Marian Allen said...

Rejection! Bah! Bah!

Lawrence Block has a great affirmation that really helps: "Rejection makes me strong."

When I get a rejection now, I cry a little bit, then I look at the envelope and say, "Oh, you poor sap, you are going to hire somebody to slap you someday because you turned this down." ha!

I also do "the bejection dance."

Marian Allen

Maggie May said...

I have read many biographies of famous writers and it seems they got dozens & dozens of rejection slips before coming to fame. That must surely give you the incentive to go on?
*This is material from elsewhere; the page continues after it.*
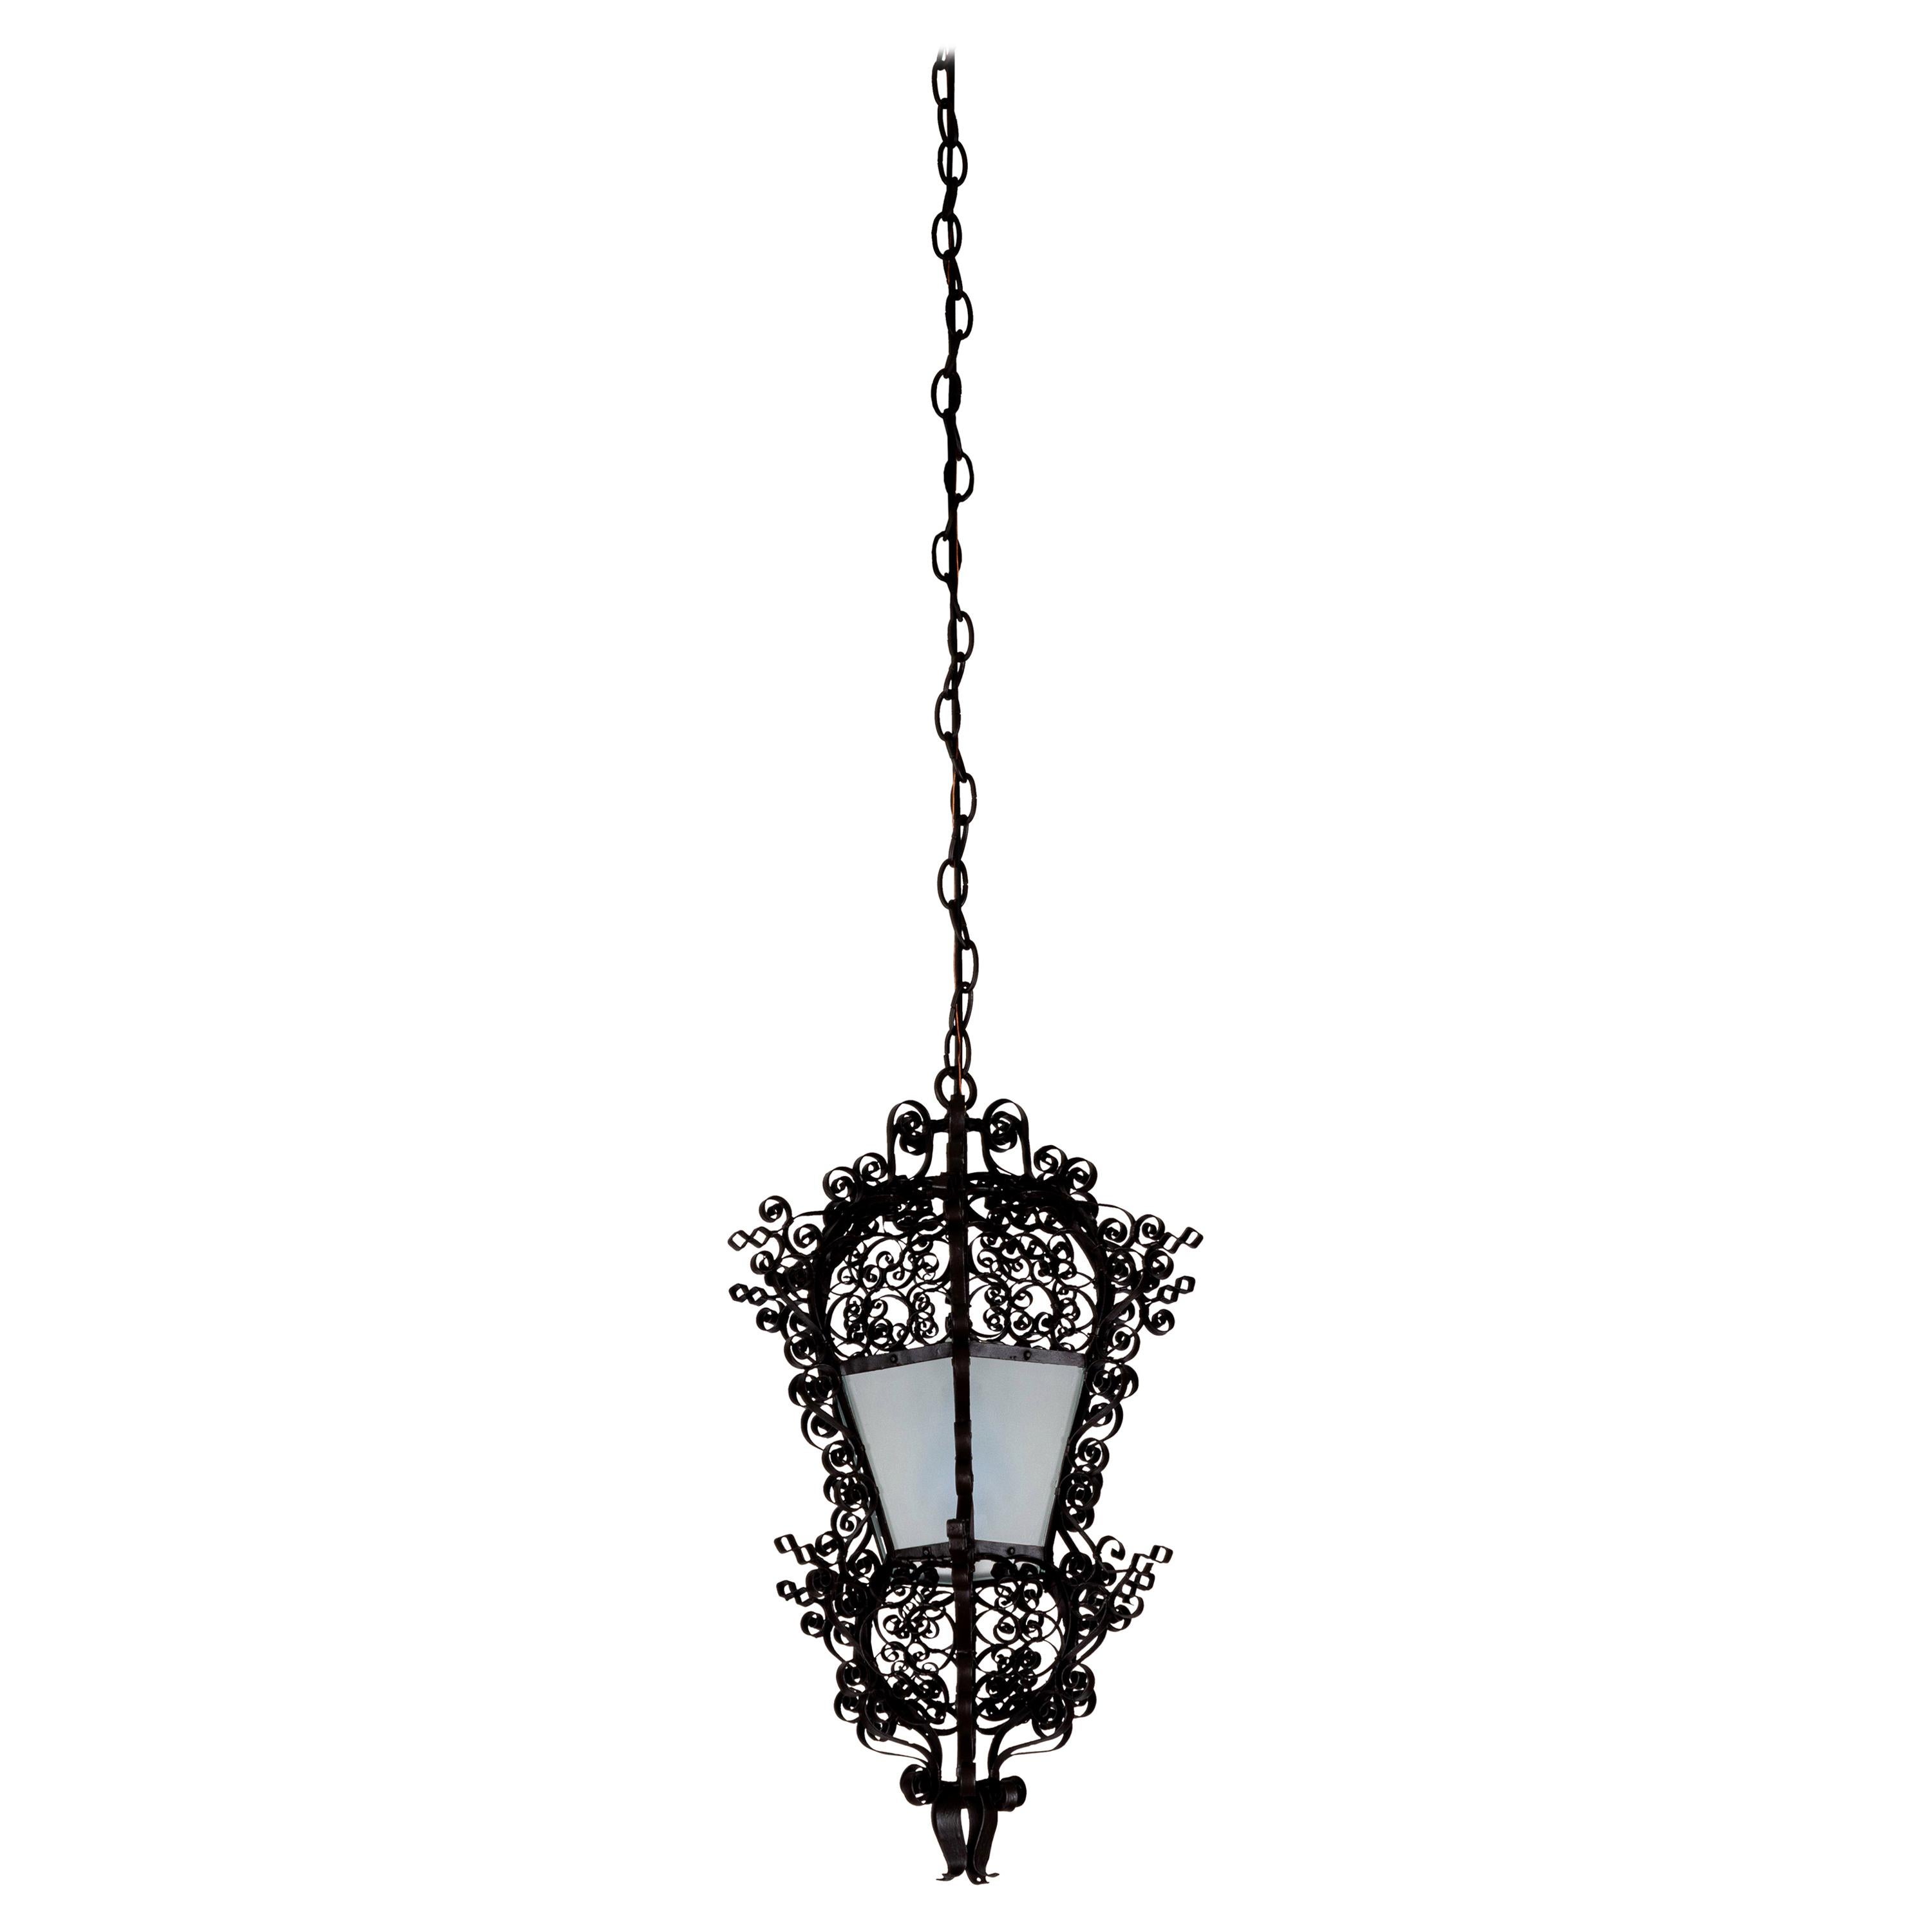 Antique French Iron Hanging Lantern Pendant Light
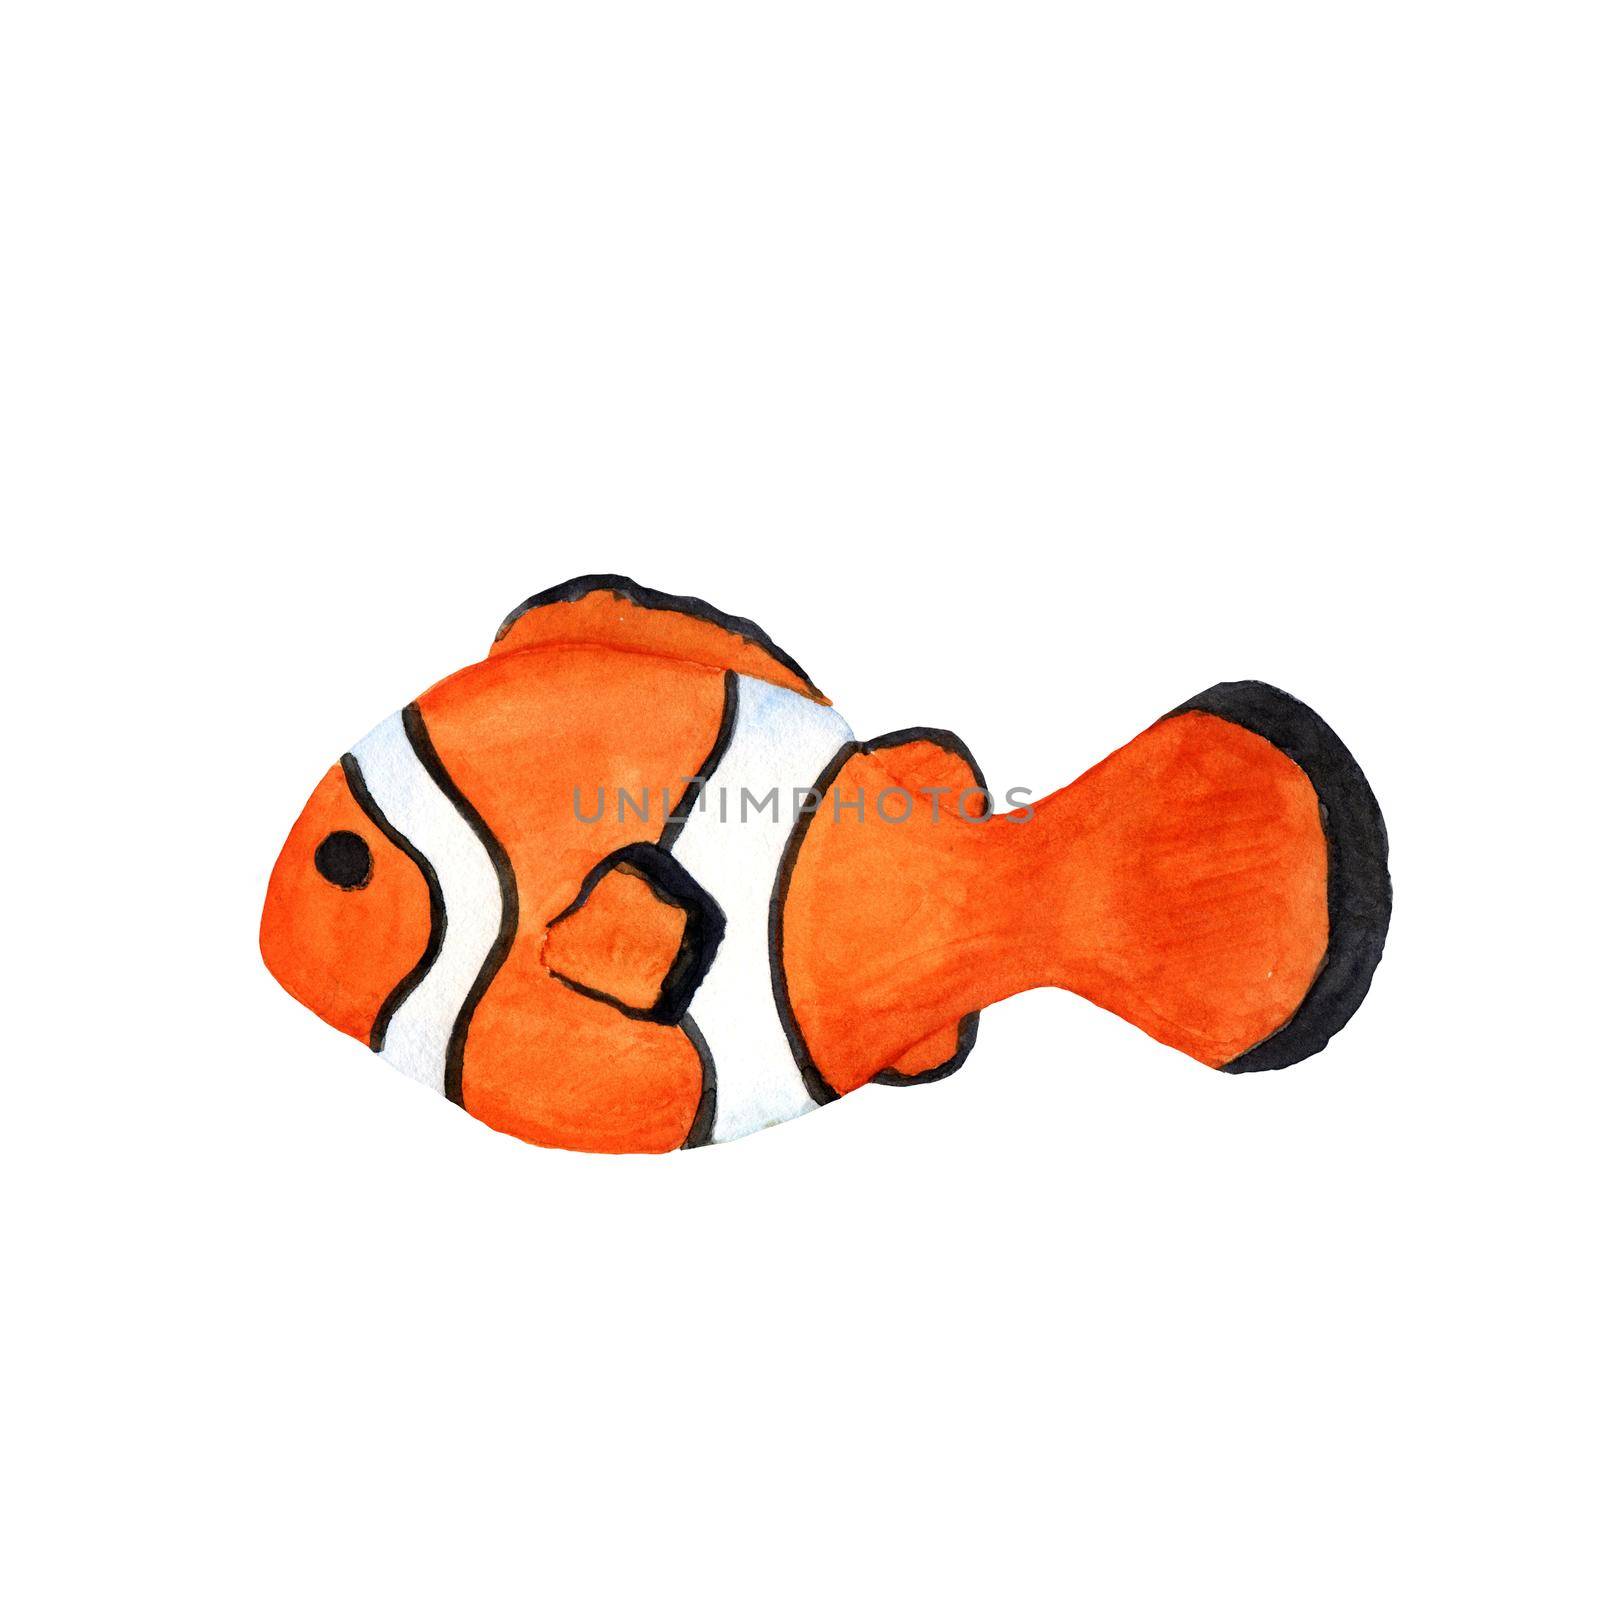 Watercolor illustration cute clownfish. Illustration orange fish isolated on white background. Sea animal for kids

Better luck next time.
Maggie x

Nuts in May

Deniz Bevan said...

Hugs to you {{}} Not only rejection but sometimes my own inner editor gets me thinking that everything I do is crap! Luckily my characters and the story itself keep pushing me to write, otherwise, who knows how long ago I might have given up?

broken biro said...

I LOVE the 'posh bingo' definition! But it isn't even about luck - after you've got the nuts and bolts of it right, writing is such a subjective thing and each judge or editor has their own predilections.

EC said...

Hi Jayne,

I just Googled "rejection blues" and got your post, delightedly so. I enjoyed hearing your take on the big R.

I've been trying to publish a particular short story, and this is its 4th rejection. I don't think every thing I write is rubbish, I just wonder if I'll ever get that break, that entrance into the paid market.

I'll supply the superglue if you keep the Youtube music flowing.

Erin

L.A Speedwing said...

Oh I so know what you mean Jayne. Wallowing is necessary in order to bounce back. There is no up without down. And thank you for visiting my blog and be a supporter. I love your blog and your bravery to be so honest about your writing is our beacon of hope.